- **Your assignment**: Omit every picture, then return the listing verbatim.

- **Supplied material**:
/---

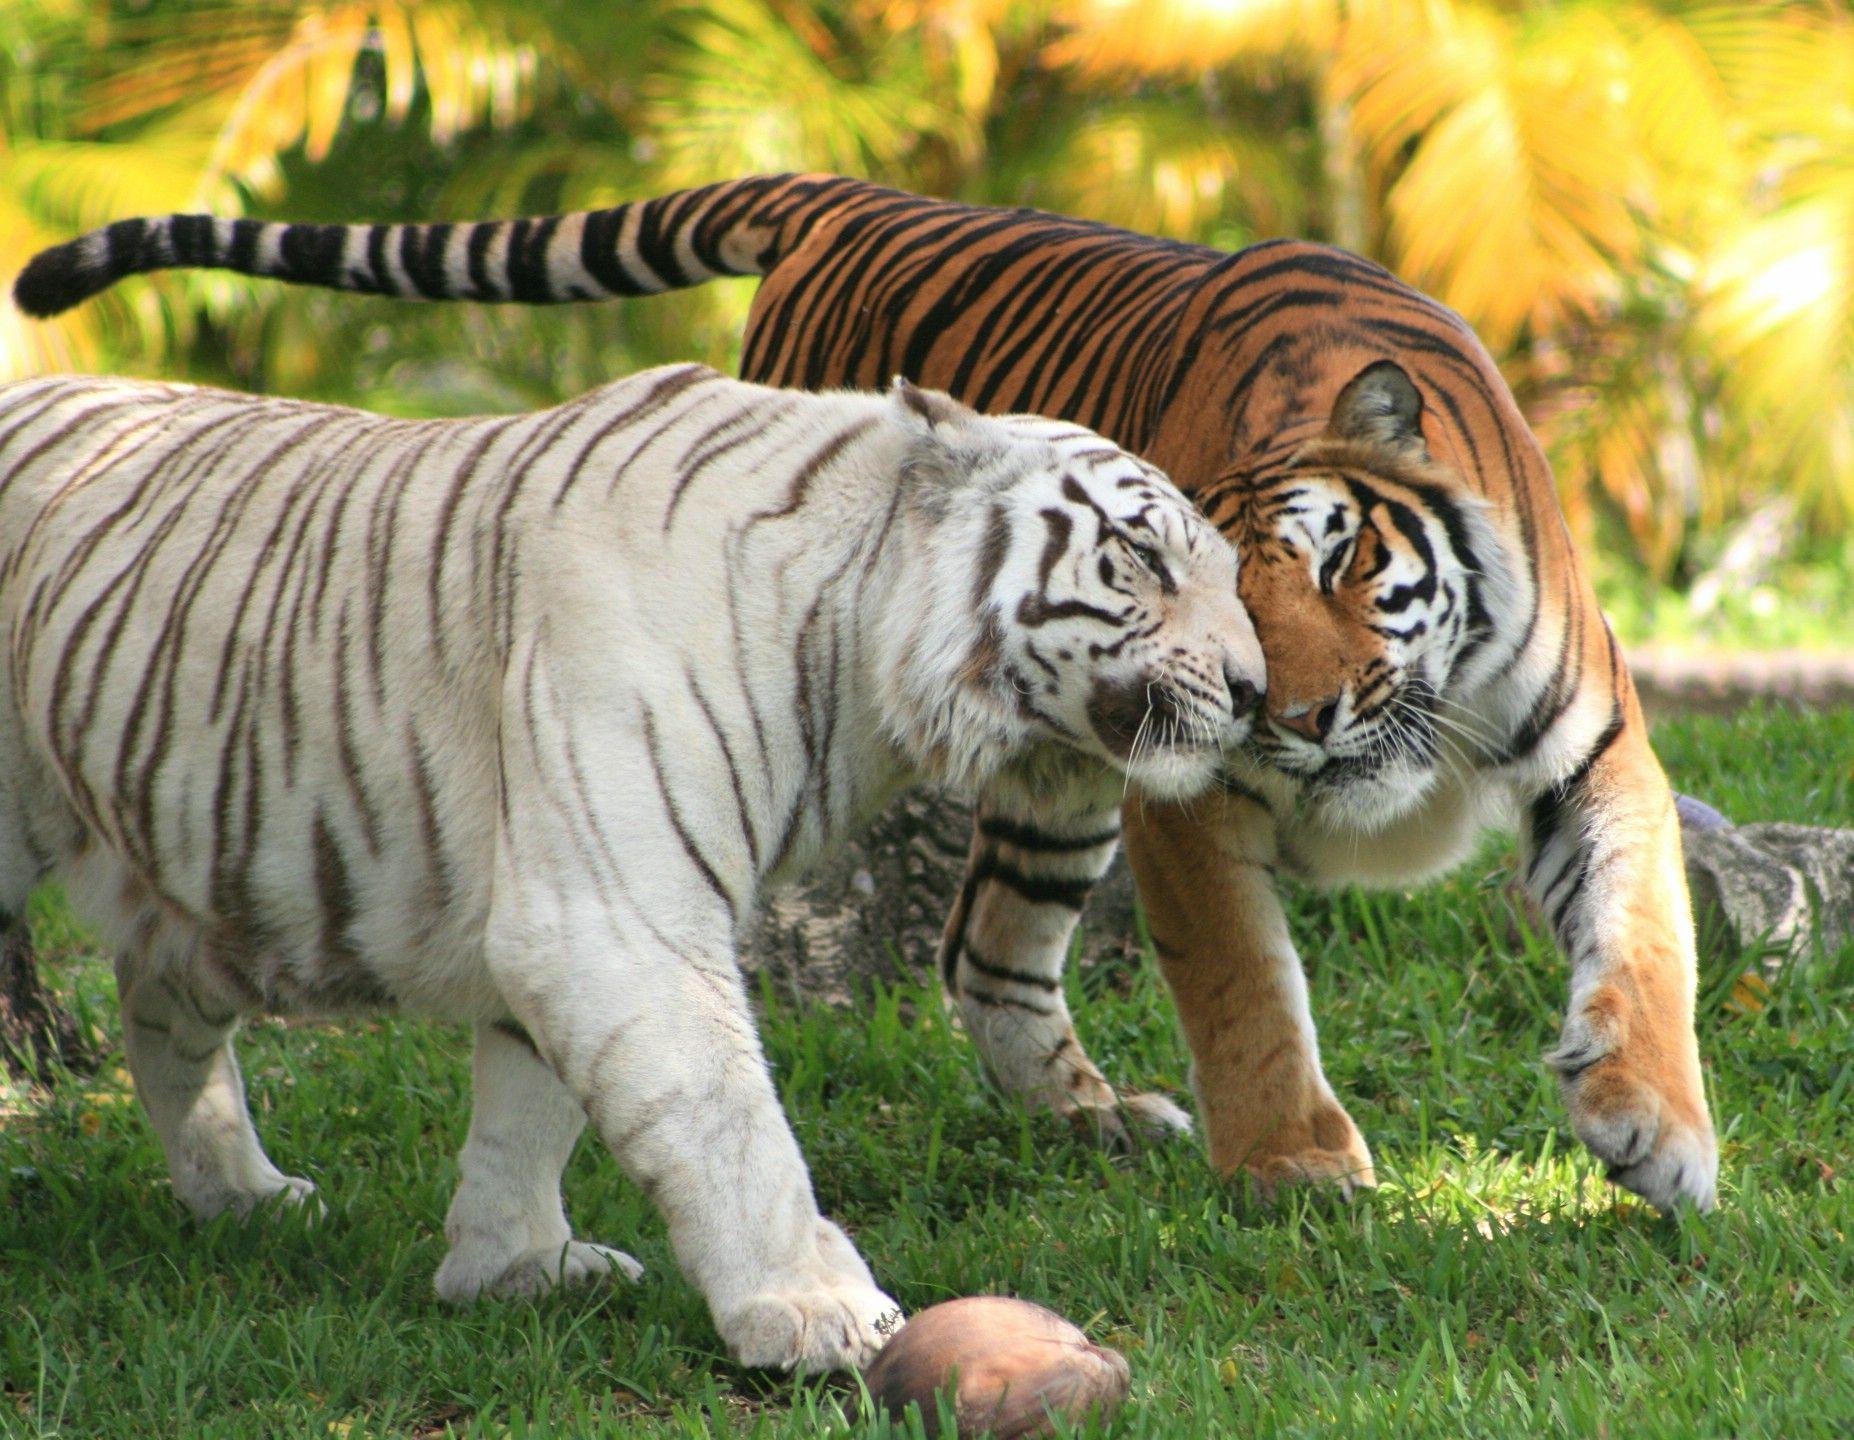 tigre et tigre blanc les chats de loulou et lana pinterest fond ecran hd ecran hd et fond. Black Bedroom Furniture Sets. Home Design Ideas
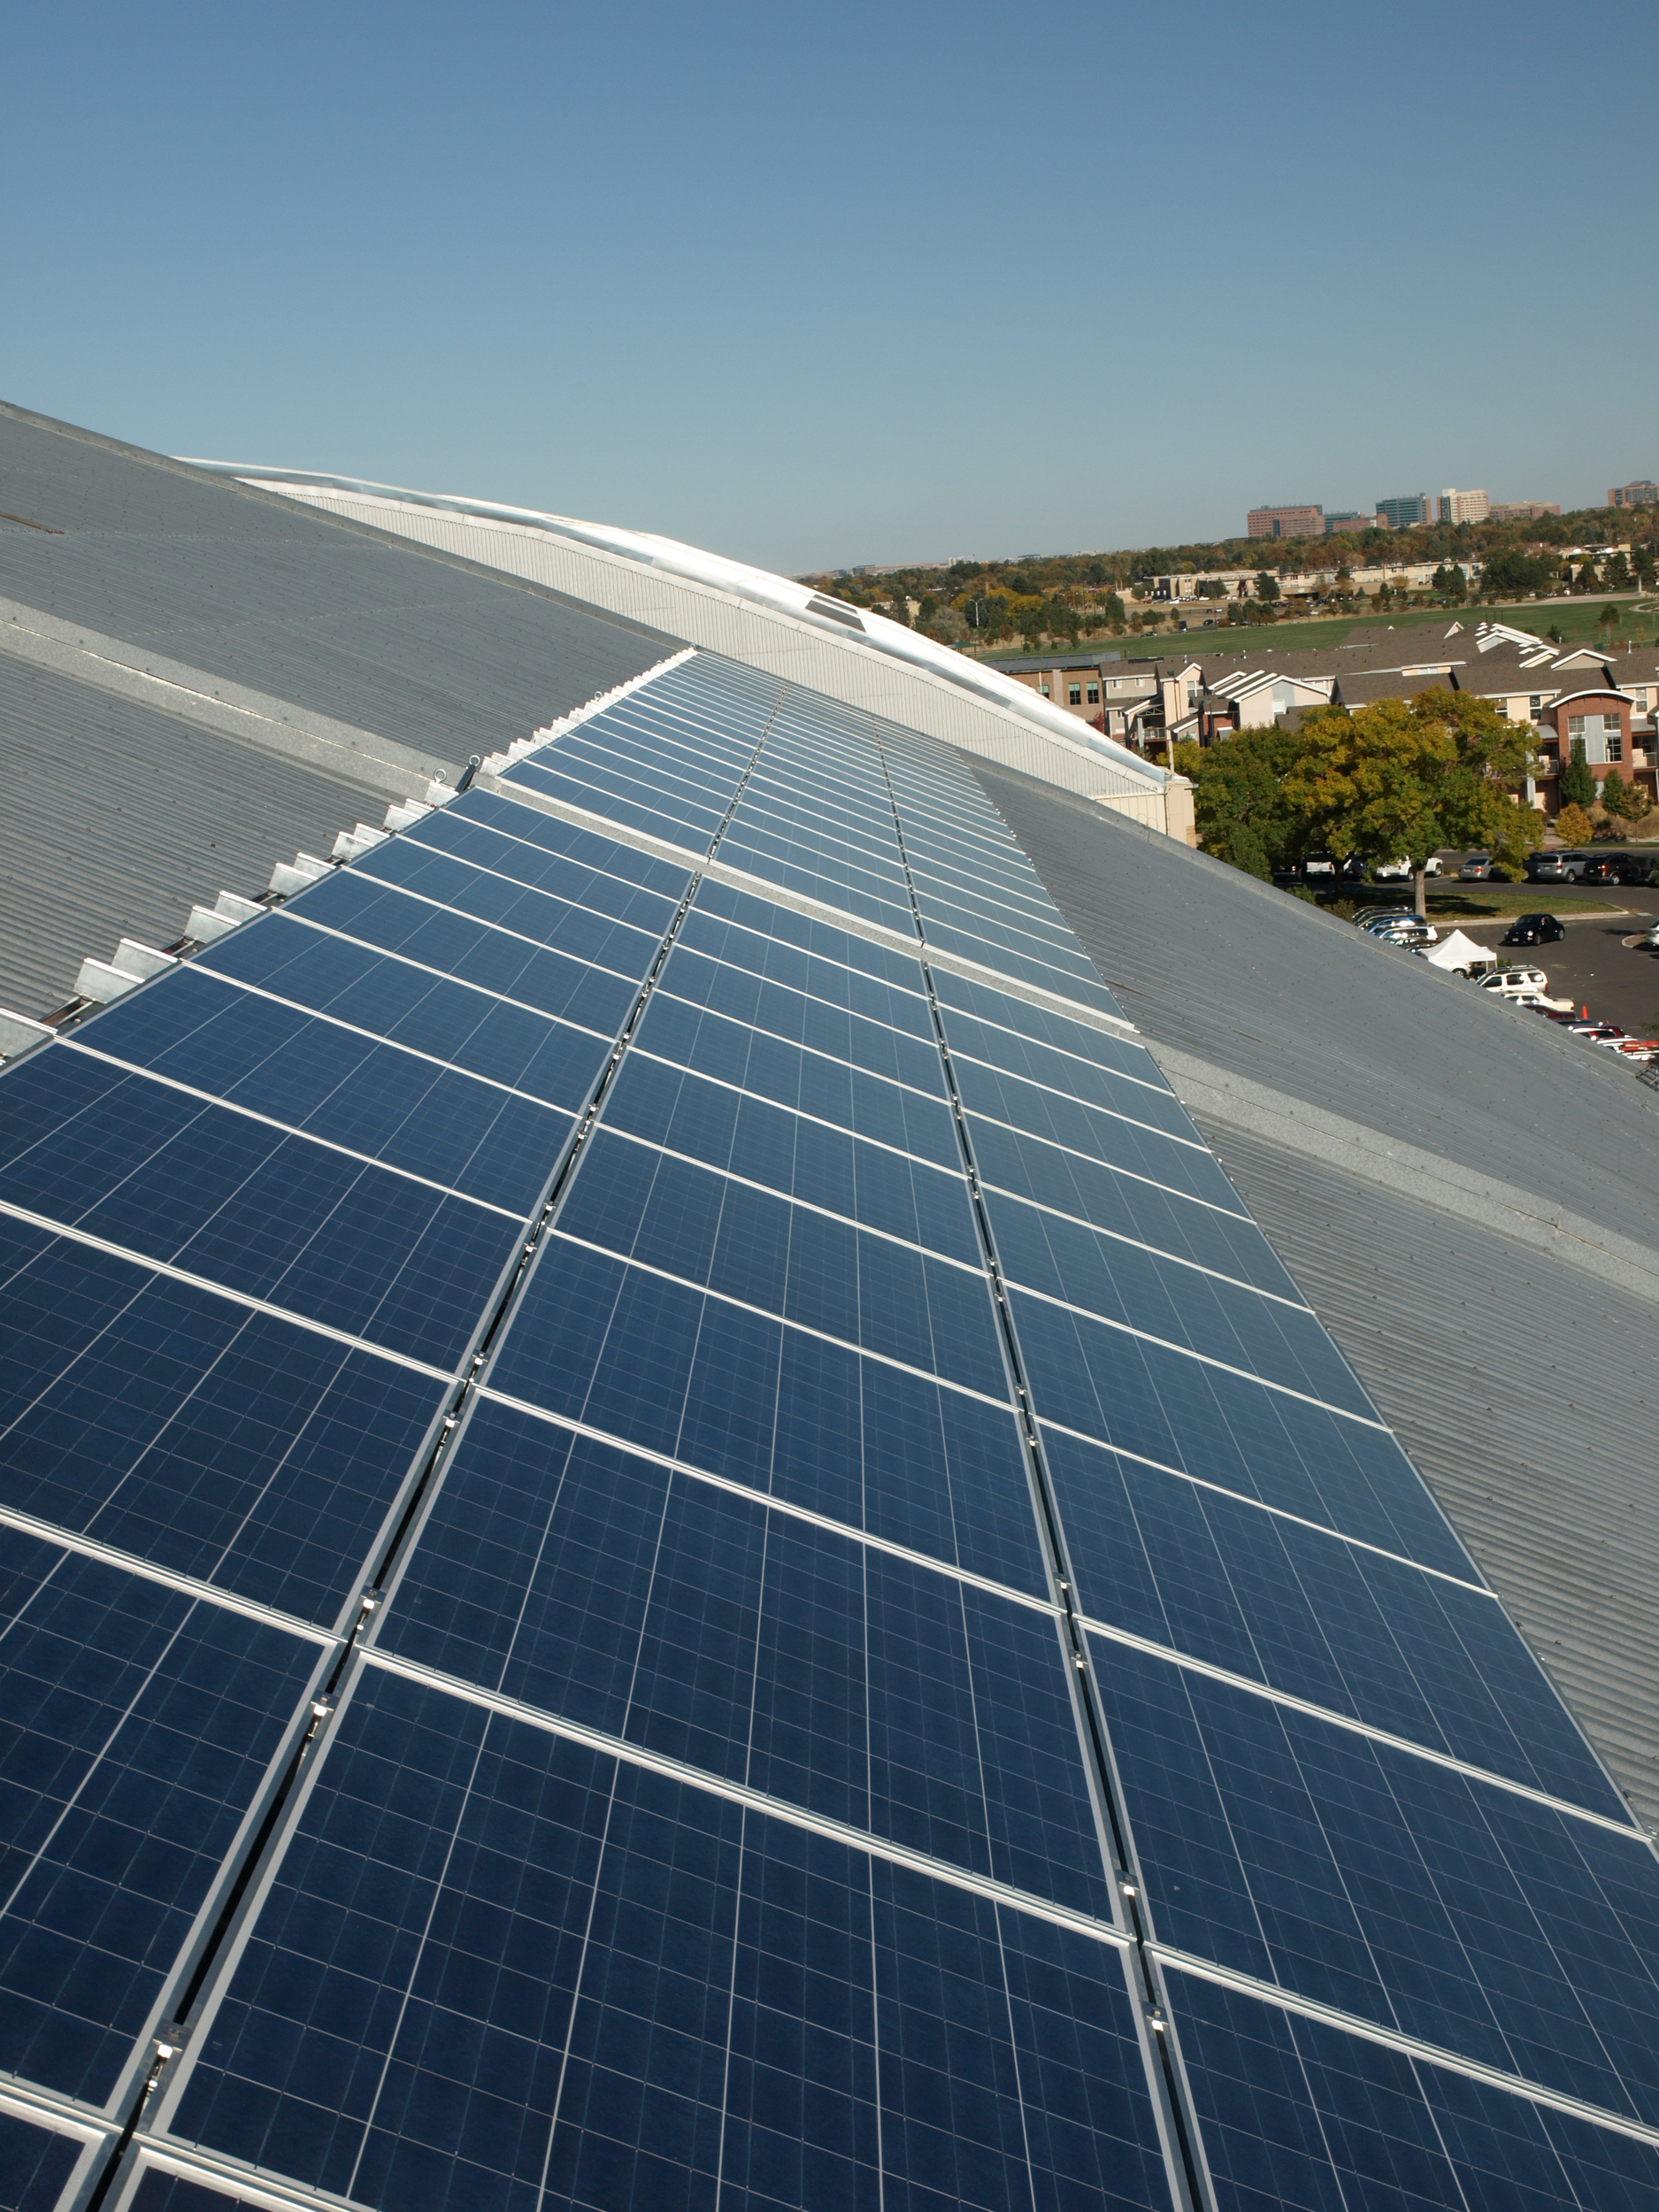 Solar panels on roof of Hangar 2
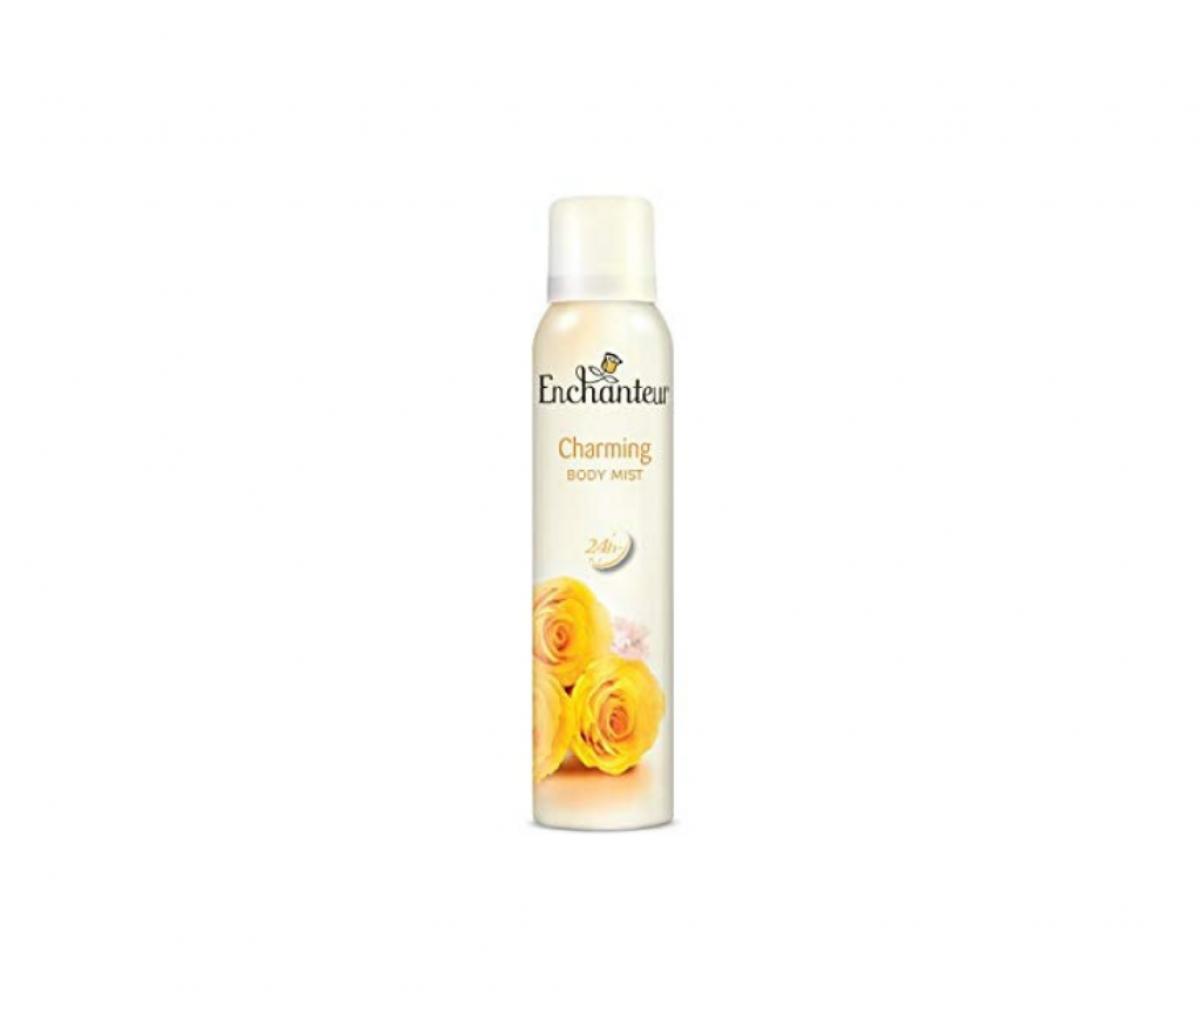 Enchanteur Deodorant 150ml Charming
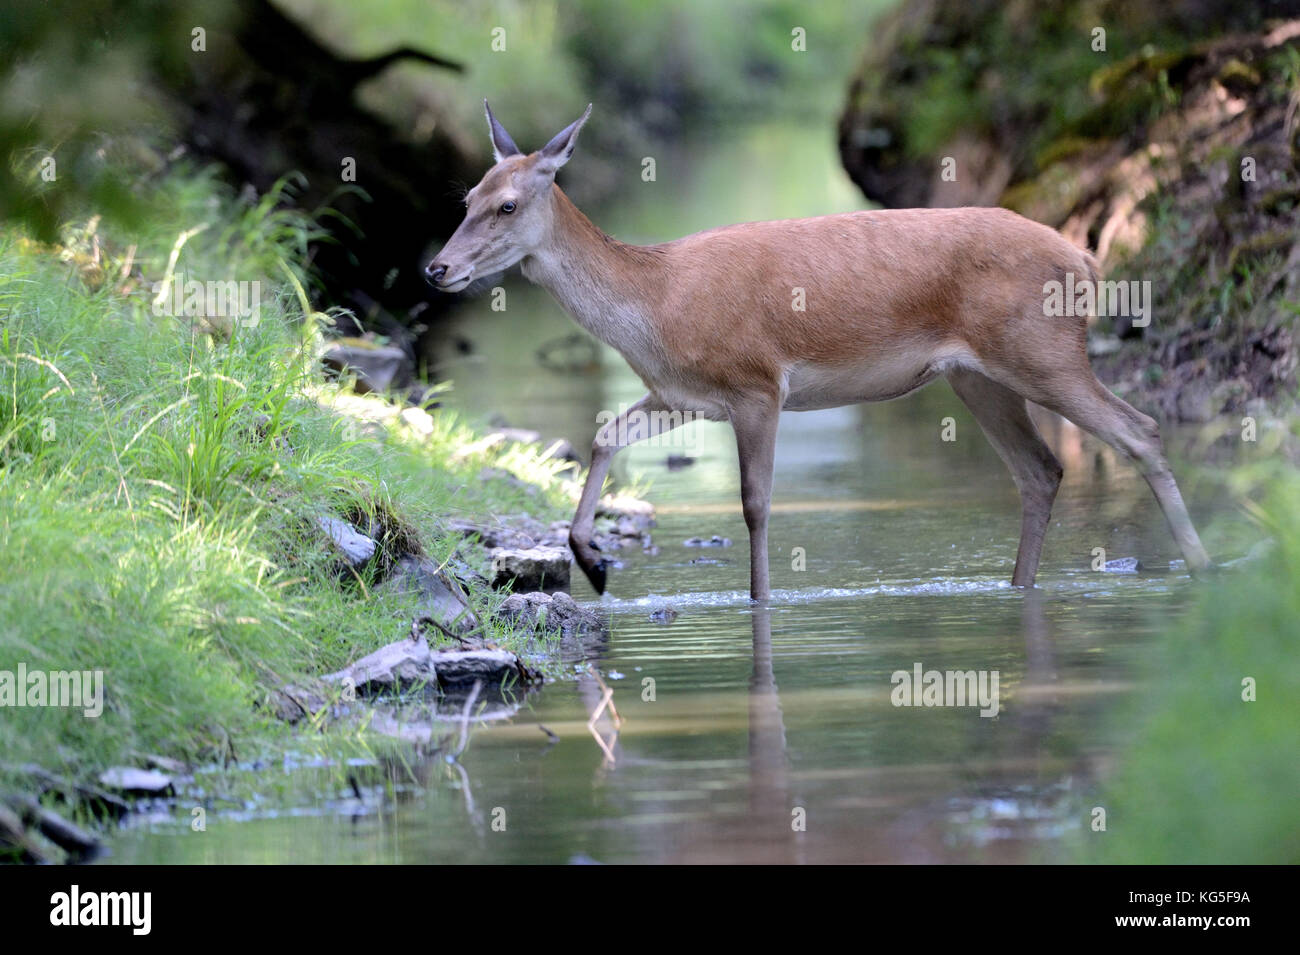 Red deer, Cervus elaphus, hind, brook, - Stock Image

\---

- **Your response**:
 tigre et tigre blanc les chats de loulou et lana pinterest fond ecran hd ecran hd et fond. Black Bedroom Furniture Sets. Home Design Ideas
 Solar panels on roof of Hangar 2
 Enchanteur Deodorant 150ml Charming
 Red deer, Cervus elaphus, hind, brook, - Stock Image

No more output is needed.